I intimately learned about suffering and discovered that it doesn't have to destroy you; it can amplify you. Once I came to that realization, I knew I had to share it with others. Many people don't know they're not alone, and hearing others' stories of overcoming similar challenges creates a ripple effect.

My own journey involved childhood trauma, being raised as a Jehovah's Witness, and enduring racial and physical attacks. Complex PTSD led to multiple hospitalizations, which made it challenging to hold down a job or make it through the day. During my fourth pregnancy, I was in a car accident, and doctors told me I wouldn’t walk again. Time after time, I’d face life-altering diagnoses and struggle to picture an existence in those realities. After a heart attack, I realized I had to find a way to live.

That decision led me to neurolinguistic programming, hypnotherapy, and gestalt therapy, which reprogrammed my perspective and initiated my healing. Psychedelics, particularly peyote, expanded my consciousness, providing comfort in seeing life was bigger than the daily struggle I’d been so focused on.
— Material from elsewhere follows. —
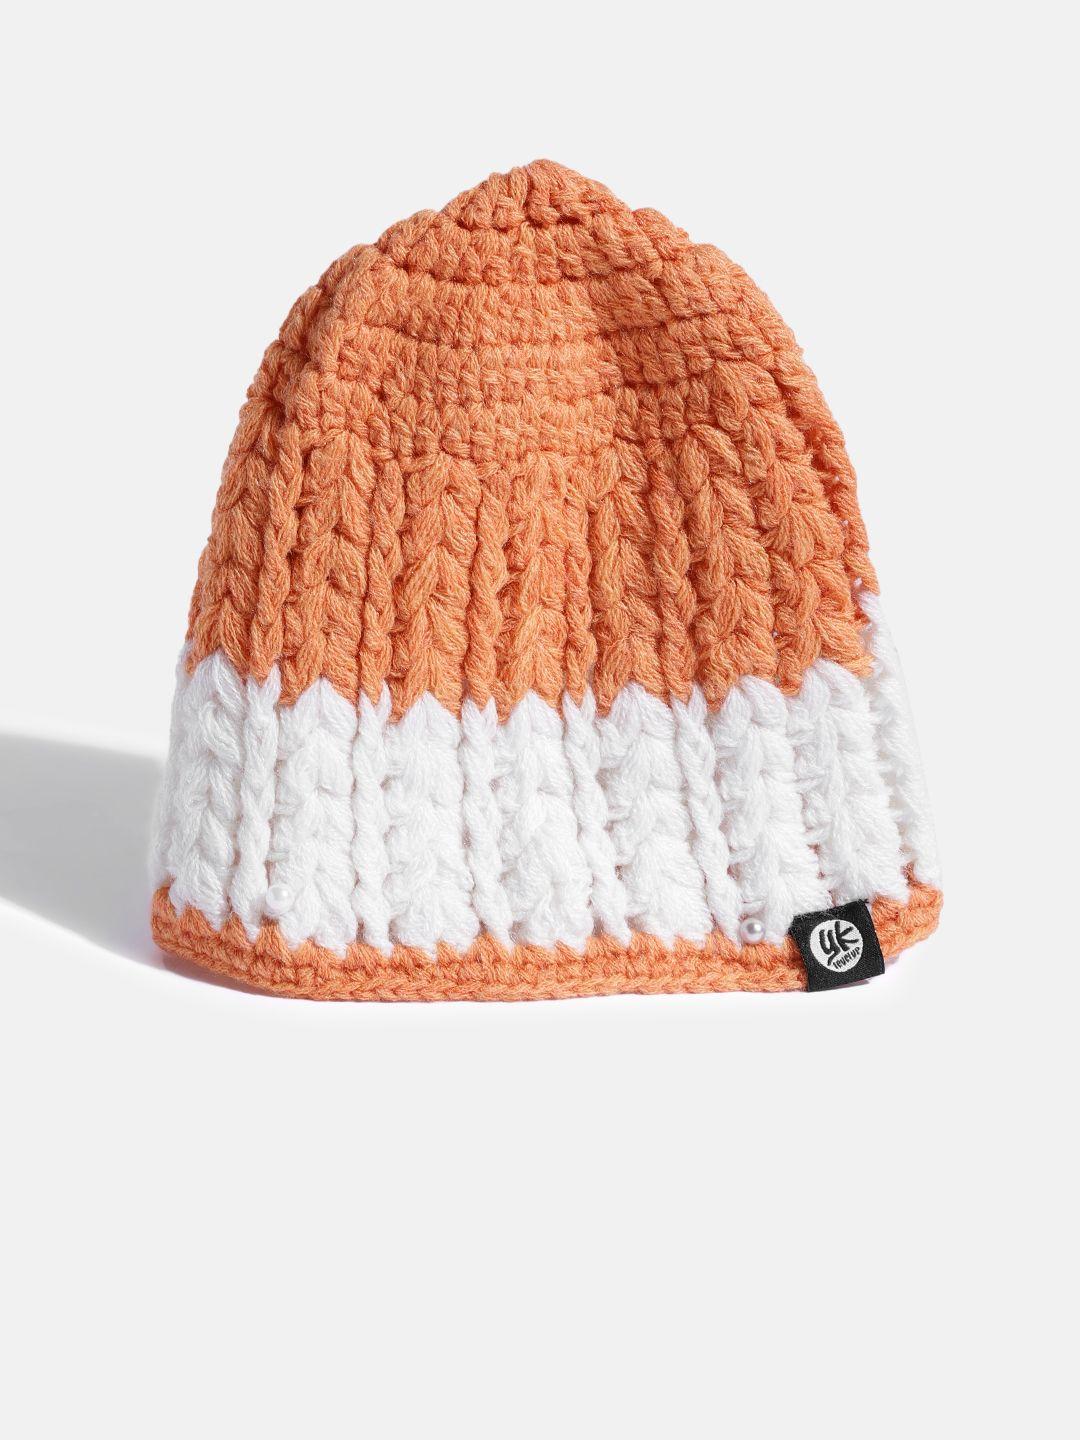 yk kids orange & white colourblocked open knit beanie

As much as I wanted to, sharing my psychedelic experiences was challenging with five kids at home. Social services posed a threat due to the stigma around “illicit drug use.” (That’s why it was so important for us to write protections for parents into the legislation in Colorado.) The more I looked into psychedelics scientifically and culturally, the more I recognized their historical significance in human evolution. This isn’t a renaissance; it’s a practice with deep roots. My mission today is to ensure people don't suffer while seeking relief. We should be able to use natural medicines responsibly without jeopardizing our families or well-being.
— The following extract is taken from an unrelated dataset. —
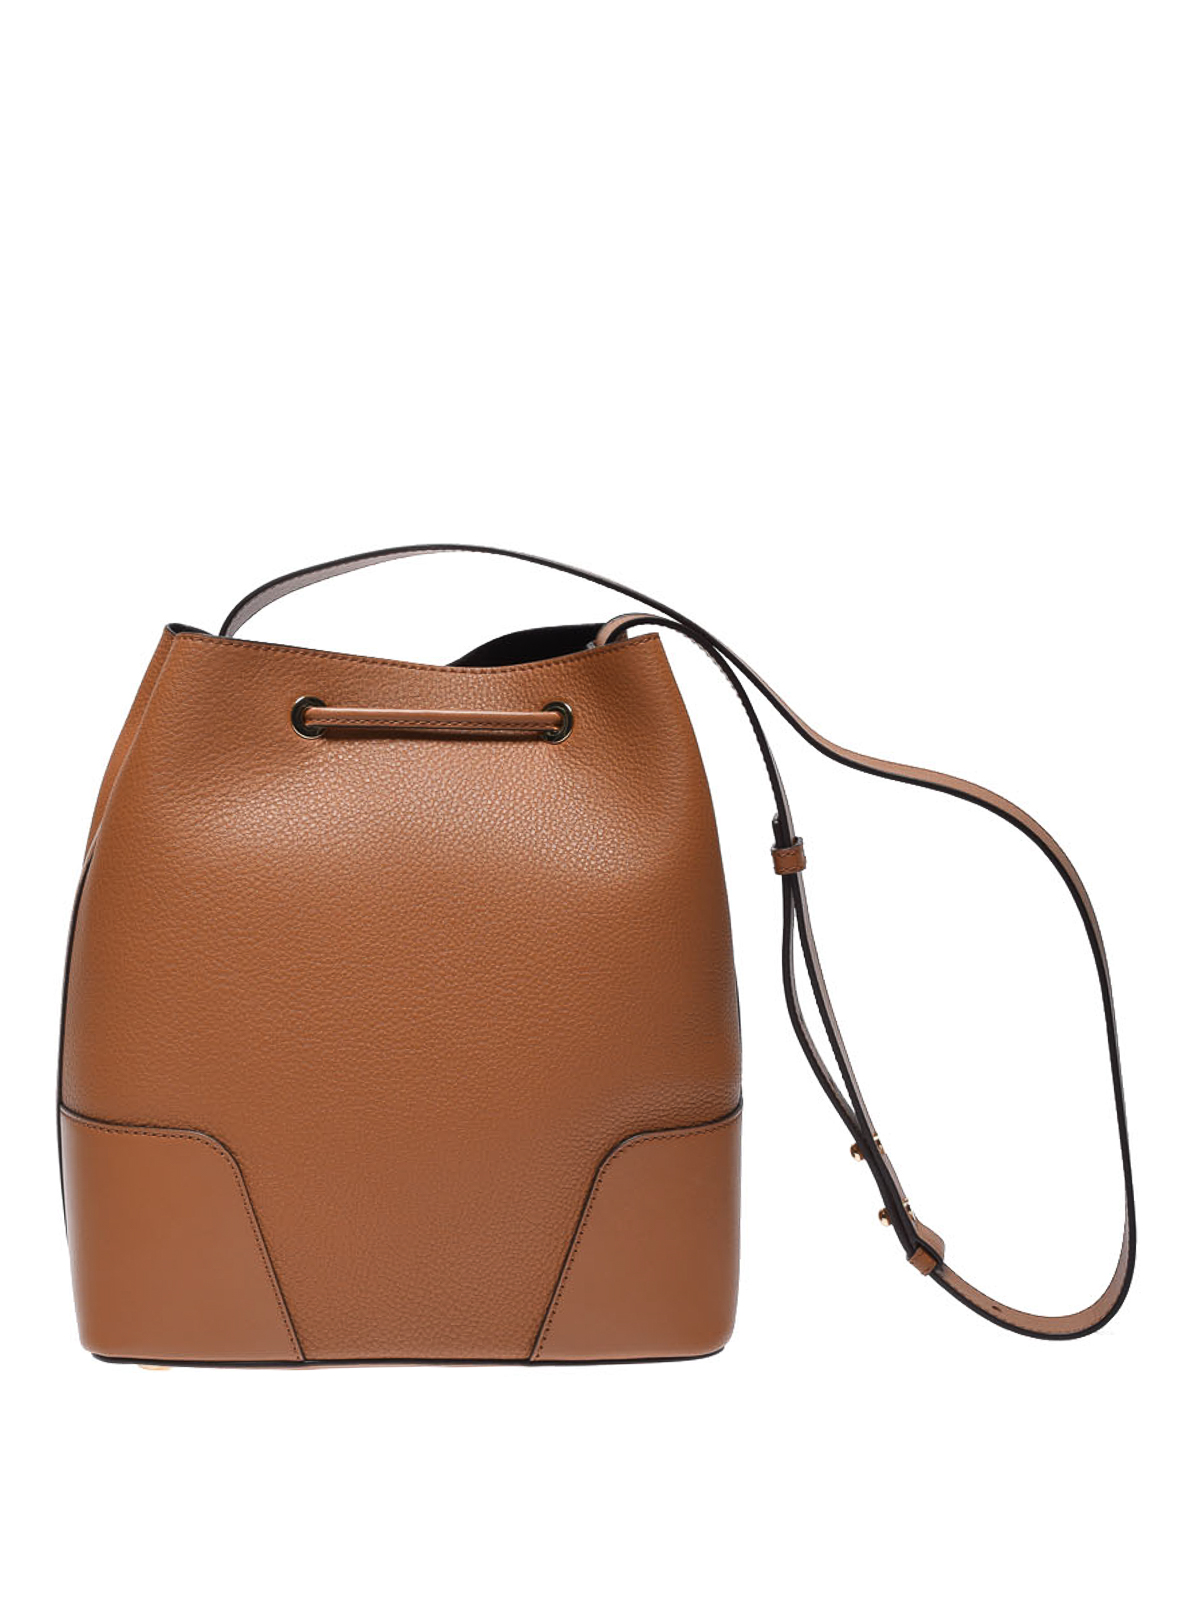 Michael Kors Bucket bags and bucket purses for Women

How has exploring your own indigenous heritage influenced your approach to therapy?

My faith in these modalities deepened. It became more grounded and respectful. Many indigenous people share the common belief of being connected to the earth, a sentiment that removes feelings of loneliness and separation. Living with this understanding brings a greater appreciation for existence and helps one realize the world is much larger than our personal challenges. In therapy, approaching sessions with the faith that each individual is part of a greater picture is a key to significant healing.

By contrast, traditional therapeutic approaches often dissect individuals into separate issues treated by different specialists. The indigenous perspective emphasizes addressing spiritual root causes and treating the whole person for optimal healing. This holistic approach encourages a sense of hope and belief in the possibility of a better life, as opposed to merely finding the right medication for survival.
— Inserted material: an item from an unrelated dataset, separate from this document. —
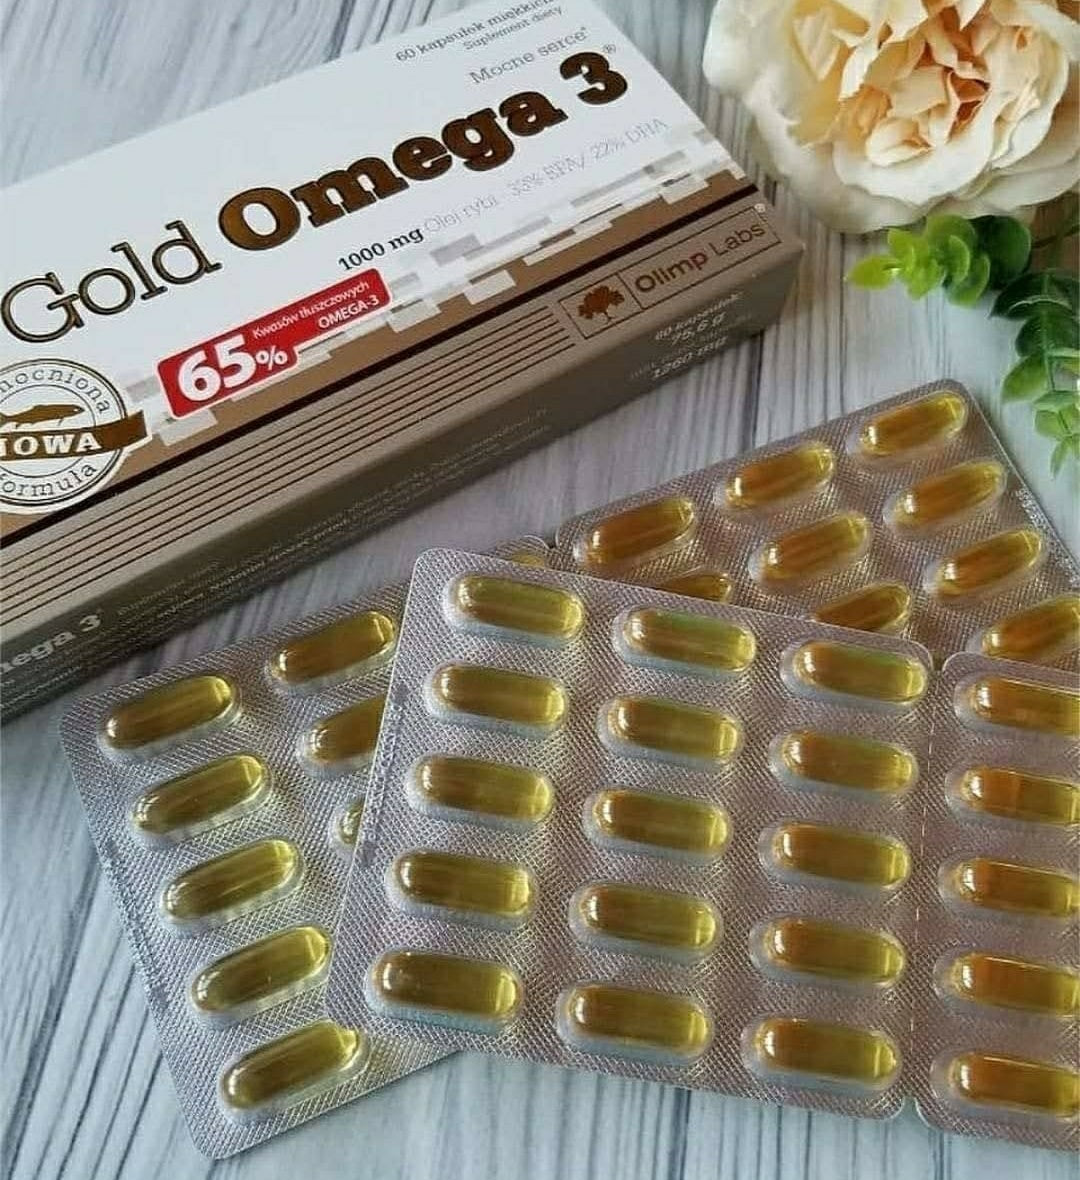 Gold Omega 3 Olimp - 60 caps | Megapump

While I come from an Apache bloodline and have received Lakota training, I wasn't raised in indigenous traditions. About 15 years ago, I began my journey into indigenous practices, sitting with medicine people from various tribes. The indigenous perspective on sharing wisdom with Westerners varies widely, even within the same tribe. Some are open to it, while others view it as a grave betrayal. The diversity within indigenous cultures adds complexity to how we understand and respect their traditions.

As someone who championed Colorado’s Natural Medicine Health Act, how do you think about fostering cooperation across the psychedelic community? What are the most effective ways to bridge the gap between different cultural perspectives?

The most important first step is to get everyone to agree on the highest intention. When you have this agreement in place, you have a goal to work backward from and an anchor when discussions get heated. It also ensures a range of perspectives is considered. Without the diverse opinions and experiences that informed the Colorado measure, we wouldn’t have known to include protections around organ transplant waitlists, for instance, or court custody battles resulting from plant medicine use. The measure thrived because the contributors had a shared intention centered around healing, destigmatization, and education about plant medicines.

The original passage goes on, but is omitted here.